简体繁体 English

平面文件（orc，csv）是否比火花中的增量表更有效

[英]Are flatfiles(orc,csv) more efficient than delta table in spark

原文 2019-12-17 16:34:03 9 1 apache-spark/ pyspark/ apache-spark-sql/ databricks

I am working with around 16 delta tables with around 1 to 3 million rows in databricks.我正在处理大约 16 个增量表，数据块中有大约 1 到 300 万行。
So when I am trying to perform an operation like join and then delete or insert in these delta tables it is taking a long time.因此，当我尝试执行像 join 这样的操作，然后在这些增量表中删除或插入时，需要很长时间。
I have to do mostly insert and delete operations.我必须做的主要是插入和删除操作。 So should I use flatfiles instead of delta tables.所以我应该使用平面文件而不是增量表。 Or should i try merge with delta tables insted.或者我应该尝试与插入的增量表合并。

Hence I had doubts about what are the advantages of delta and why not use flat files?因此我怀疑 delta 有什么优点，为什么不使用平面文件？

Its a basic question but I am still new to databricks so any help would be nice.这是一个基本问题，但我对 databricks 还是个新手，所以任何帮助都会很好。

1 个解决方案

Andy, it totally depends on your needs and expectations, but delta tables help for many data-engineering challenges. Andy，这完全取决于您的需求和期望，但增量表有助于应对许多数据工程挑战。
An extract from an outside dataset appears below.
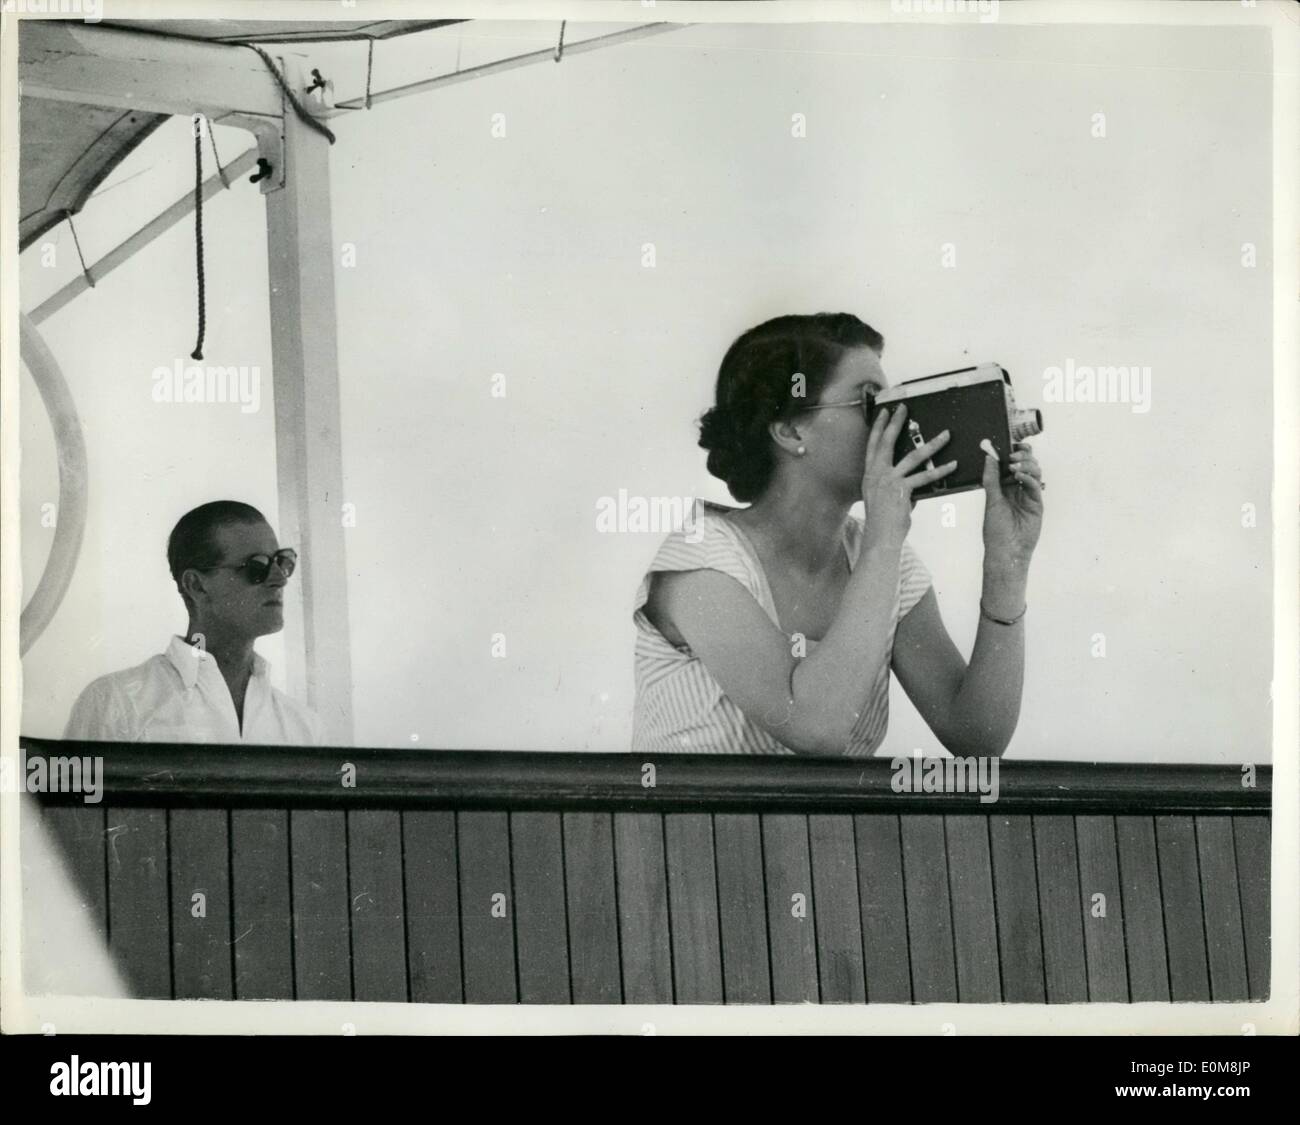 Dec. 12, 1953 - Royal Tour - Original picture.: The H.M.N.Z.S. Black Prince took over escorts duty to the royal tour liner ''Gothic'', in the Pacific, when H.M. The Queen and The Duke of Edinburgh were enroute for Suva. H.M. The Queen trains her cine camera on the New Zealand light cruiser Black Prince as the warship took over escort duty. Stock Photo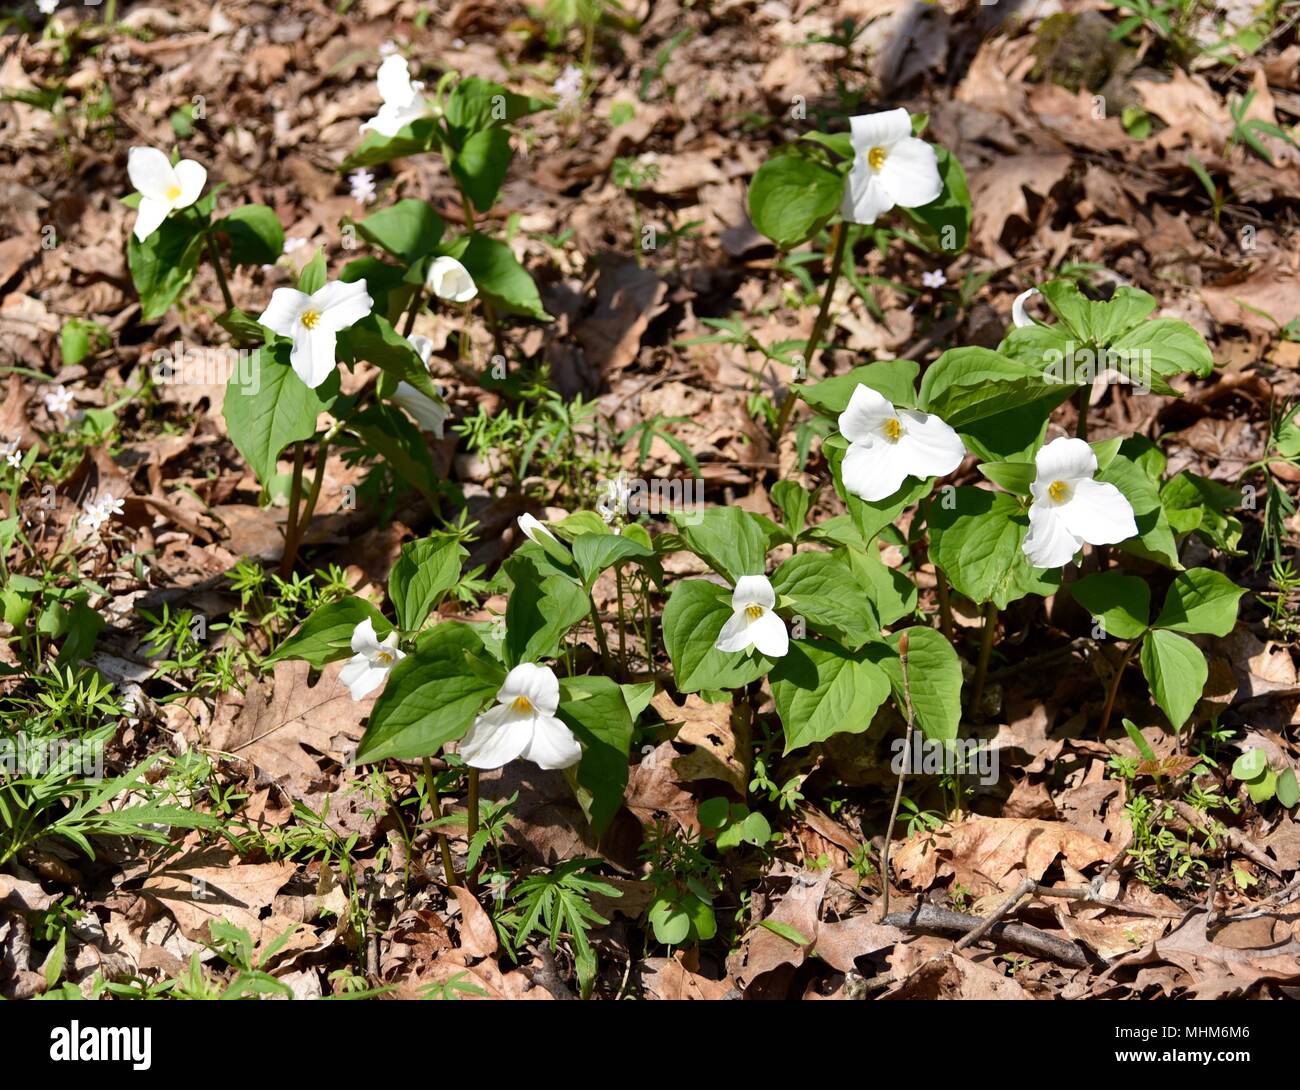 A colony of large white trillium plants emerging in a spring forest. Stock Photo

Delta tables behave like a transactional log and can be very helpful for many scenarios like Time traveling . Delta 表的行为类似于事务日志，对于诸如时间旅行之类的许多场景非常有帮助。 This gives the ability to rollback , reproduce some experiments (reading an older version of the data), allows to analyze difference between data versions (changes).这提供了回滚、重现一些实验（读取旧版本数据）的能力，允许分析数据版本之间的差异（更改）。

Also when dealing with parquet, we don't have to rewrite the full dataset, we only write the updated data .同样在处理 parquet 时，我们不必重写完整的数据集，我们只写更新的数据。

If you don't need any of this, then maybe you can forget about delta tables and focus on pure performance.如果您不需要任何这些，那么也许您可以忘记增量表并专注于纯粹的性能。